Andrea Arnold, director of the new film, was unlikely to be seduced by glossy possibilities. A striking new talent in recent British cinema, she cast a judicious eye on the shabby edges of modern life in Red Road (2006) and Fish Tank (2009). If hers is not the first name one would expect to find on the credits of Wuthering Heights, it is certainly one to give promise of a long, hard look at a revered classic. And that is what we get.
The passion at the heart of Brontë’s novel is evoked here with such violence that the film can never be mistaken for ‘a beautiful love story’. On Penistone Crags, where the young Heathcliff and Cathy make unspoken declaration of their feelings for each other, a fierce gale whistles around them, instinct with the threat of the natural world of which their passion is another manifestation. They smear each other with mud, behaving as the wayward children they still are. The passion is not just a matter of persuasive visual imagery; Arnold and her co-screenwriter, Olivia Hetreed, have retained some of the soaring rhetoric of the original, as when Cathy claims of her love for Heathcliff, ‘He’s more myself than I am.’ Arnold has sought – or, at any rate, found – her own ways of striking at the central paradox of a love so poetically conceived finding its home in a world so palpably realist.
Not that Arnold has set out to make a slavishly reverent adaptation. In at least three crucial ways she has broken with the novel’s procedures. First, we are brought face to face with the reality of both passion and place without their being filtered through Brontë’s two narrators: the superficial tenant Lockwood and housekeeper Nelly Dean. (A clever touch of Brontë’s to have given Nelly access to Mr Linton’s library so that she could acquire Standard English; imagine reading it in the dialect of the canting old servant Joseph.) What the film loses in commentary it gains in immediacy. Second, Arnold, like Wyler, has chosen not to take on board the second generation of the Wuthering Heights and Thrushcross Grange families. As Heathcliff has said, ‘I have almost found my heaven.’ The film eschews the reassurances of family continuities, except for the largely mute appearances of little Hareton Earnshaw, a child who scarcely knows what is happening.
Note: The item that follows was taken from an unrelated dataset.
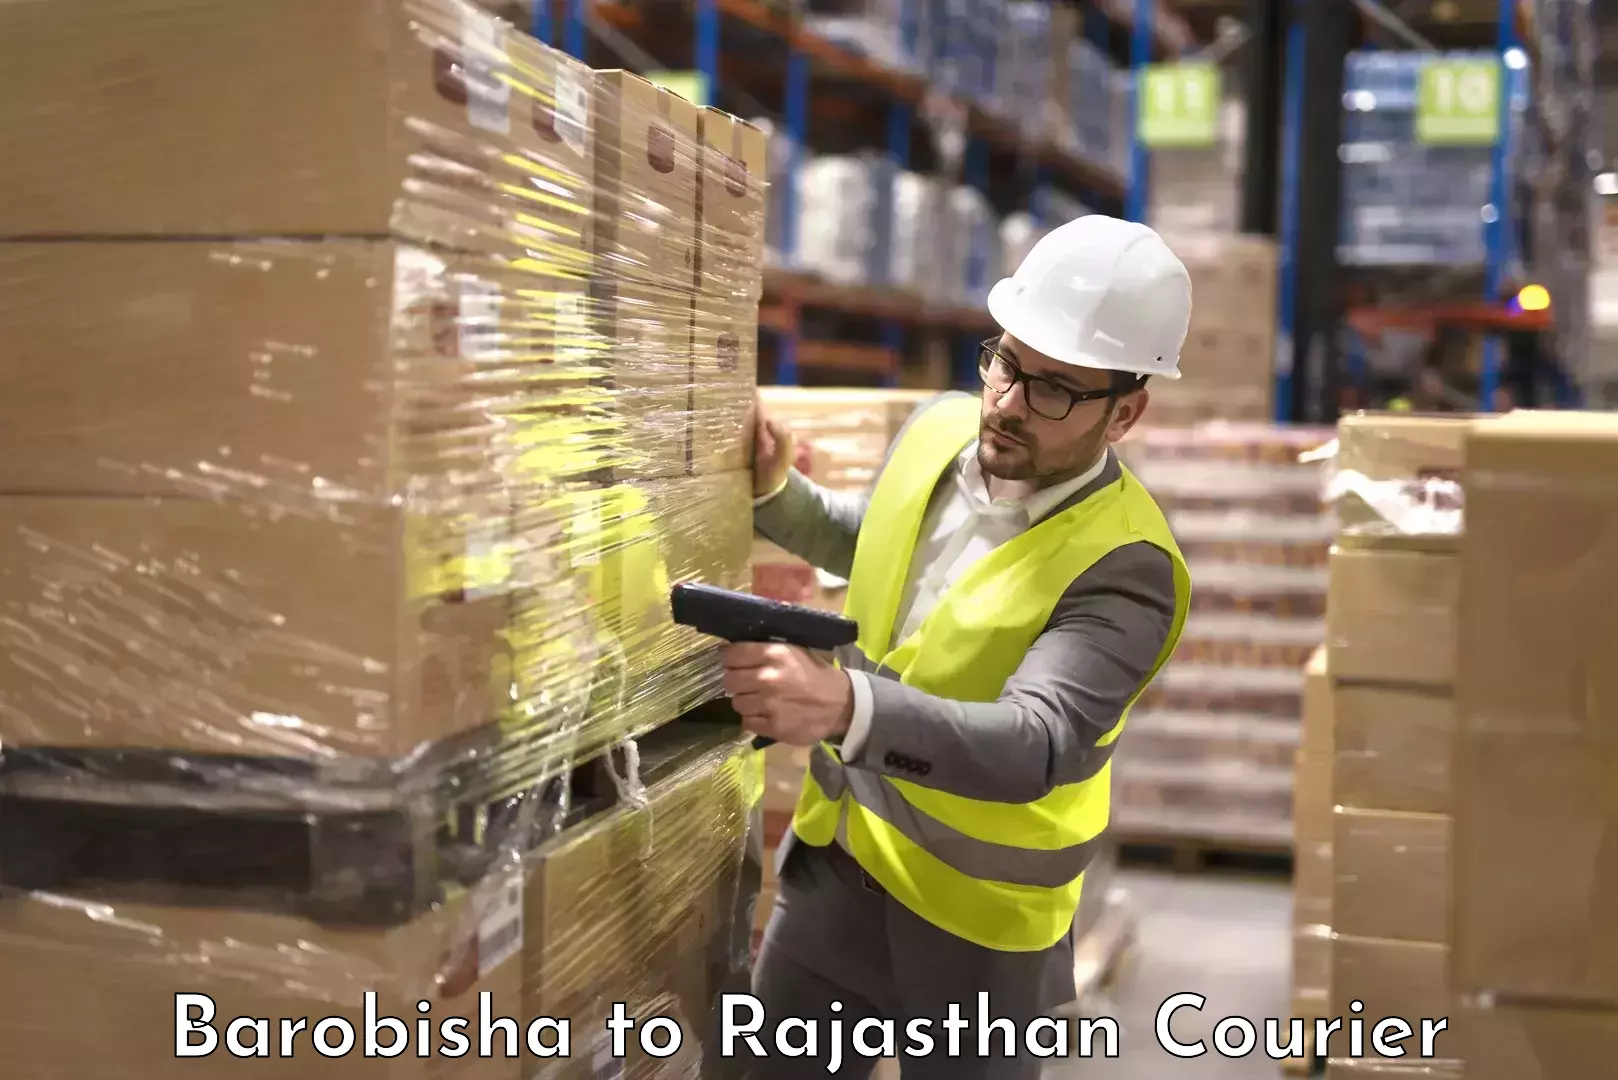 Baggage shipping service Barobisha to Rajasthan

But the third departure is perhaps the most striking. Arnold has given us a black Heathcliff, played by Solomon Glave when he is first brought to Wuthering Heights by Mr Earnshaw, and very powerfully, in his first screen role, by James Howson as an adult. Making Heathcliff black accentuates his outsider status in the household and in the more genteel purlieus of Thrushcross Grange. Possibly there is also a touch of historical verisimilitude at issue here. Liverpool, where Earnshaw finds the boy on the streets, had one of the oldest black communities in Europe, such children as Heathcliff in some cases being the human detritus of the slave trade.
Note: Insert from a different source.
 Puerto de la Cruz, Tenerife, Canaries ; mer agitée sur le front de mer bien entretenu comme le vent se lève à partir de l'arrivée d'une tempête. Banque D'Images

Whatever Arnold had in mind, Glave and Howson have incarnated a genuine strangeness that is matched by Shannon Best and Kaya Scodelario as the young and older Cathy. Best has a wonderful look of spirited country girl’s ardour that seems to soften into something more conventional when the older Cathy (Scodelario) marries Edgar for his wealth and position, thus flying in the face of her own nature.
This new Wuthering Heights may not be as popular as the old Hollywood classic, but it could arguably be said to go more directly to the heart of Brontë’s dark vision.